- Decades:: 1980s; 1990s; 2000s; 2010s; 2020s;
- See also:: History of Somalia; List of years in Somalia;

= 2005 in Somalia =

The following lists events that happened during 2005 in Somalia.

==Incumbents==
- President: Abdullahi Yusuf Ahmed
- Prime Minister: Ali Mohammed Ghedi

==Events==
===January===
- January 13 - Somali transitional parliament in Kenya has approved the second suggested cabinet of Prime Minister Ali Mohammed Ghedi. They rejected his earlier suggested cabinet four weeks ago.
- January 20 - The Italian government condemns the destruction of an Italian cemetery in Mogadishu. Local militia wanted to clear the area for a base.
- January 23 - Yusuf Ahmed Sarinle, the police chief in the capital, Mogadishu, is shot dead. The new Somali government is slated to begin relocating from Kenya on February 1.

===February===
- February 14 - The African Union sends a team to Somalia to assess the security situation in the capital, Mogadishu. President of the exiled Somali government, Abdullahi Yusuf, has requested an AU peacekeeping force to allow his cabinet to move back. The trip was delayed on Friday. There is some opposition to deployment of AU peacekeepers and thousands of Somalis have demonstrated in the capital, Mogadishu, against the plans.
- February 24 - Thousands greet Abdullahi Yusuf Ahmed and Mohammed Ghedi, leaders of the exiled Somali government, when they begin a week-long tour in the country.

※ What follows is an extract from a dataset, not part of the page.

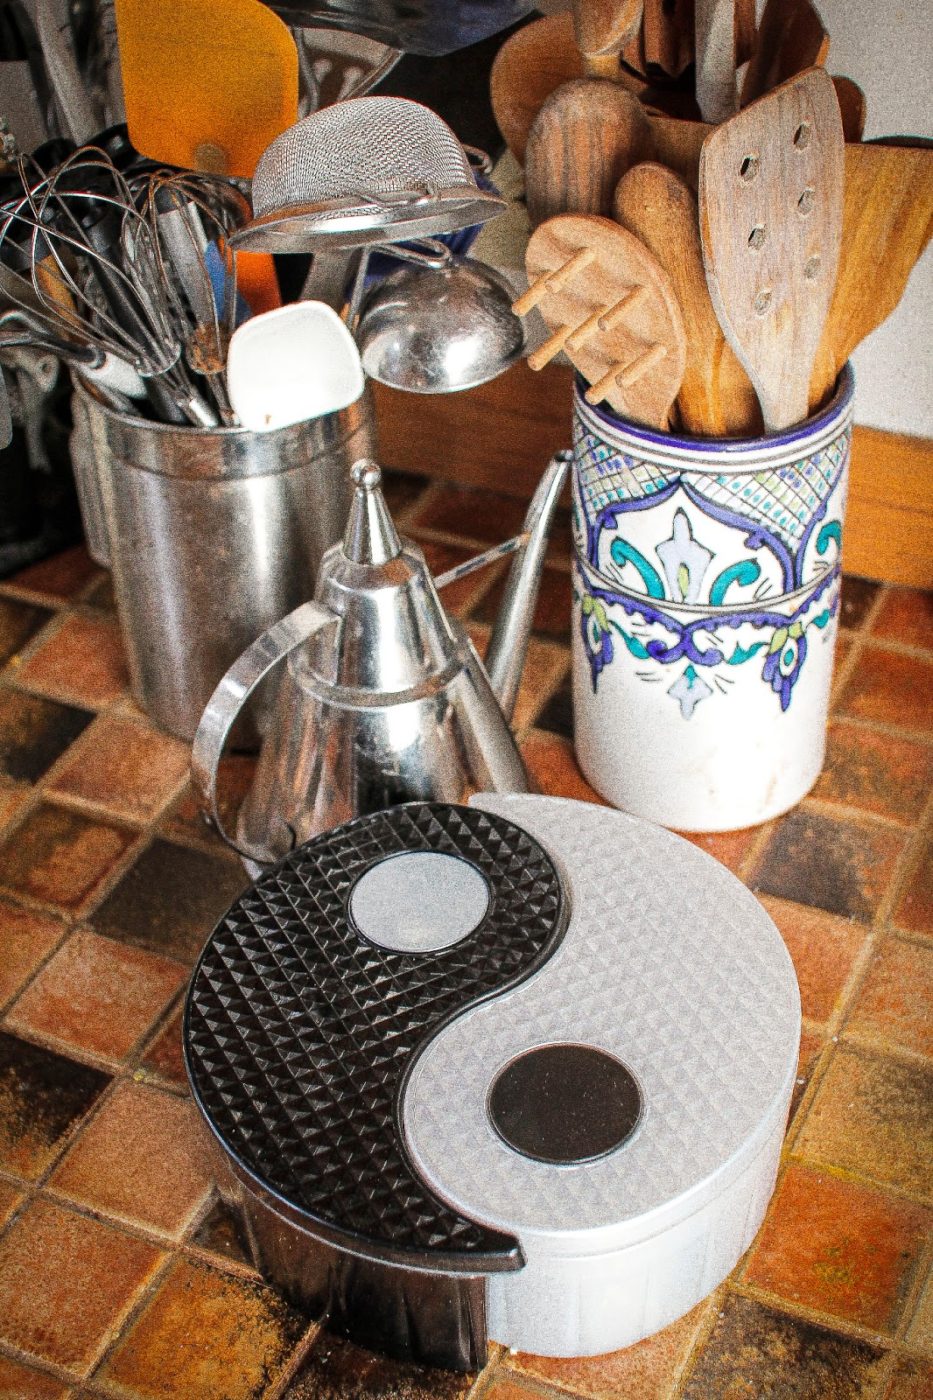 GitaDini Yin Yang Storage Bin on a kitchen counter

They led a delegation that studies a possibility to finally relocate the government from Kenya to Somalia.
- February 27 - Some cabinet ministers and warlords denounce government proposals to deploy foreign peacekeepers.

===May===
- May 30 - Fighting in the proposed Somali capital of Baidoa threatens the stability of the Transitional Federal Government of Somalia.